Мне кажется, что формула ее жизни заключается вот в чем: пусть мы все время движемся через лабиринт в тупик. В тупик, из которого нет выхода. Ни вперед, ни назад. И когда мы это понимаем, то единственное, что остается. — обратить лицо к небу. Выход из тупика — через небо. Сама Наталья Леонидовна никогда не теряла из вида Христа. Он ее вел. Но мы знаем, что многие люди брадатого вида мрачно-сосредоточенно заявляют о том, что не теряют Христа из виду; так мрачно и так сосредоточенно, что нет и не может быть ни малейшего желания следовать их примеру. Наталья Леонидовна была не такова — она никому ничего не навязывала, а просто жила так свободно, так прекрасно, что каждому хотелось увидеть то, что видит она.

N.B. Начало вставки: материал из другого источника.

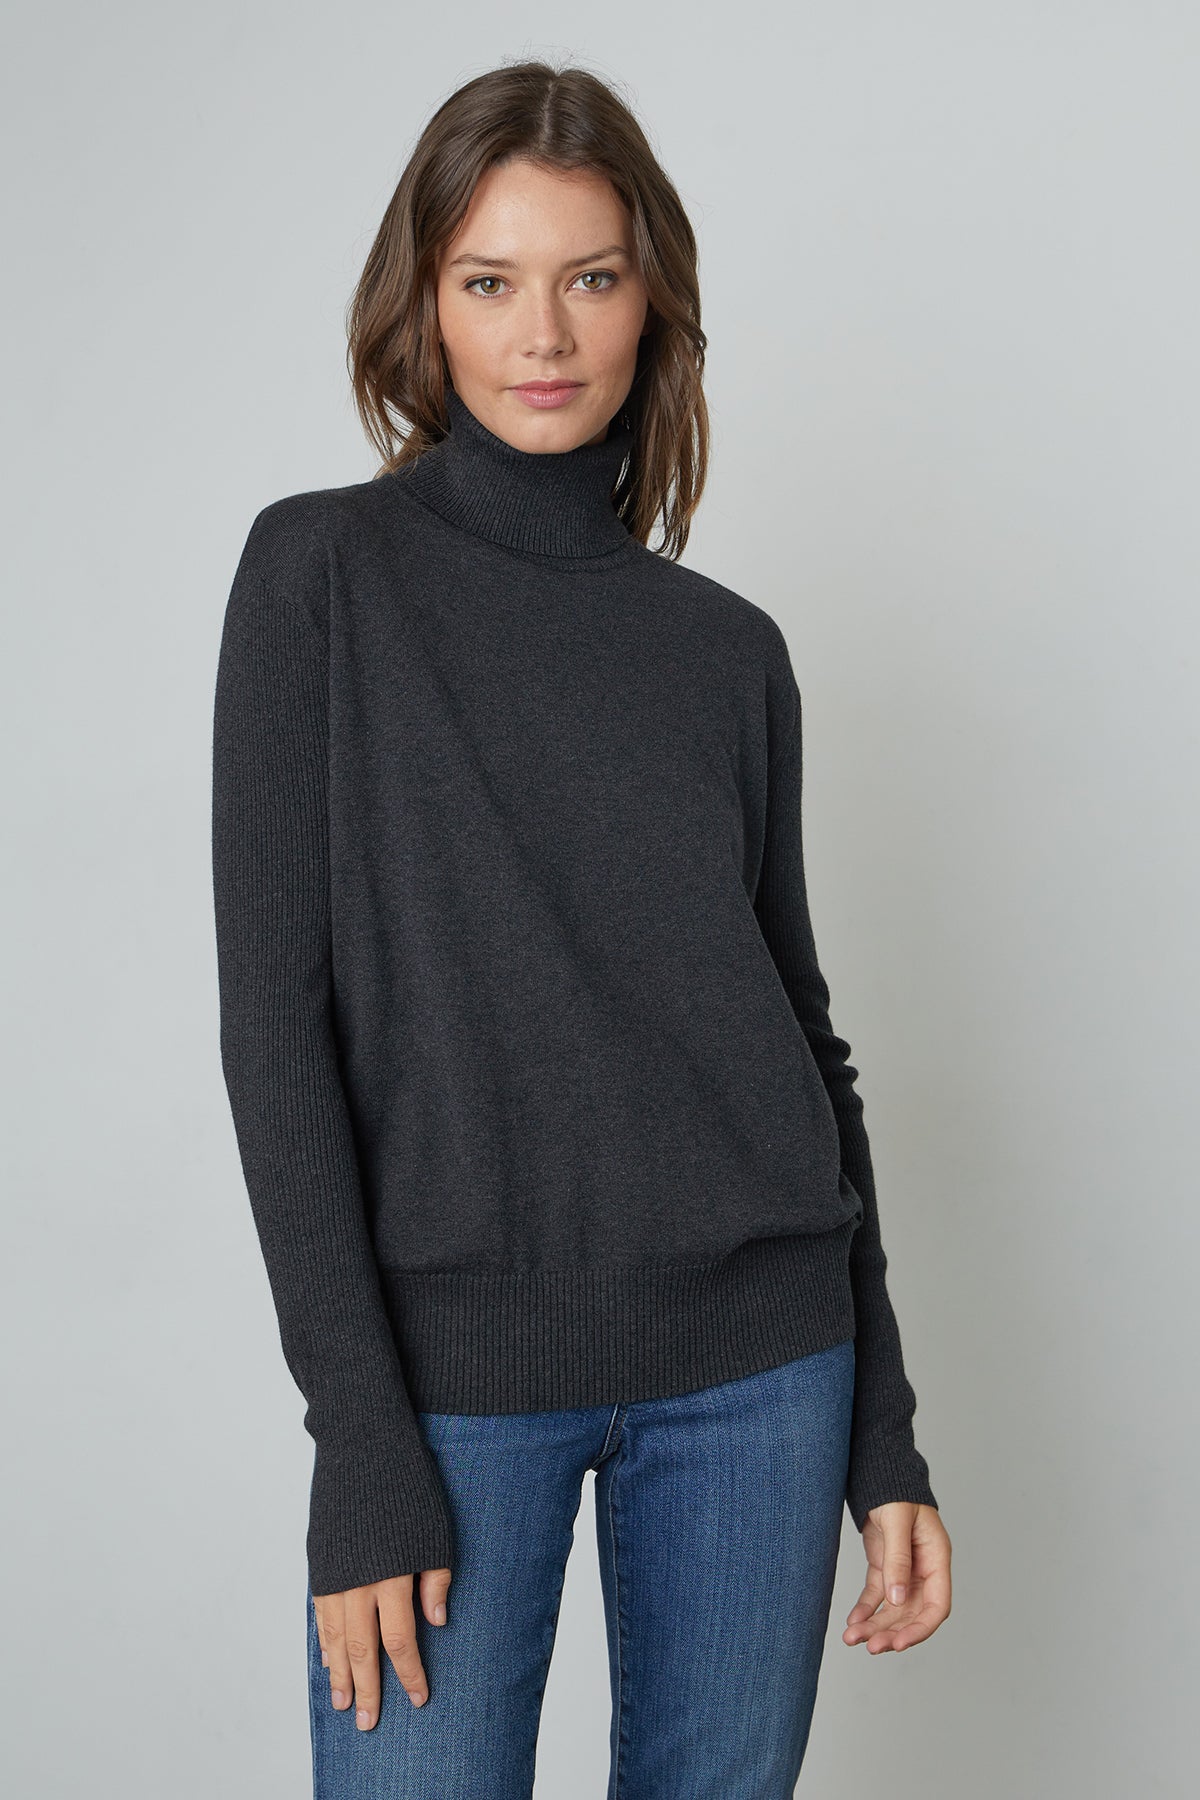 Lux Cotton Cashmere Renny Turtleneck Sweater in dark grey cinder front 2-25052572451009

Когда ее отпевали, священник сказал: «Мы сегодня хороним великого человека». И ни у кого не возникло сомнения, что это именно так. А ведь Наталья Леонидовна никогда не была в центре литературной жизни, жила как будто на обочине, не была и каким-то неофициальным центром притяжения. Она жила в литературе словно птичка на жердочке. Но Божия птичка вдруг вспорхнула, улетела — и все вдруг ощутили пустоту. А это значит, что место Натальи Леонидовны в культуре было бесконечно важно — и не будет занято никем. По крайней мере в обозримом будущем. Это было именно свято место. В строгом смысле этого ответственного слова. Место свидетеля, который свидетельствует перед миром о том, что Бог — с нами. А перед Богом о том, что мы — с Ним.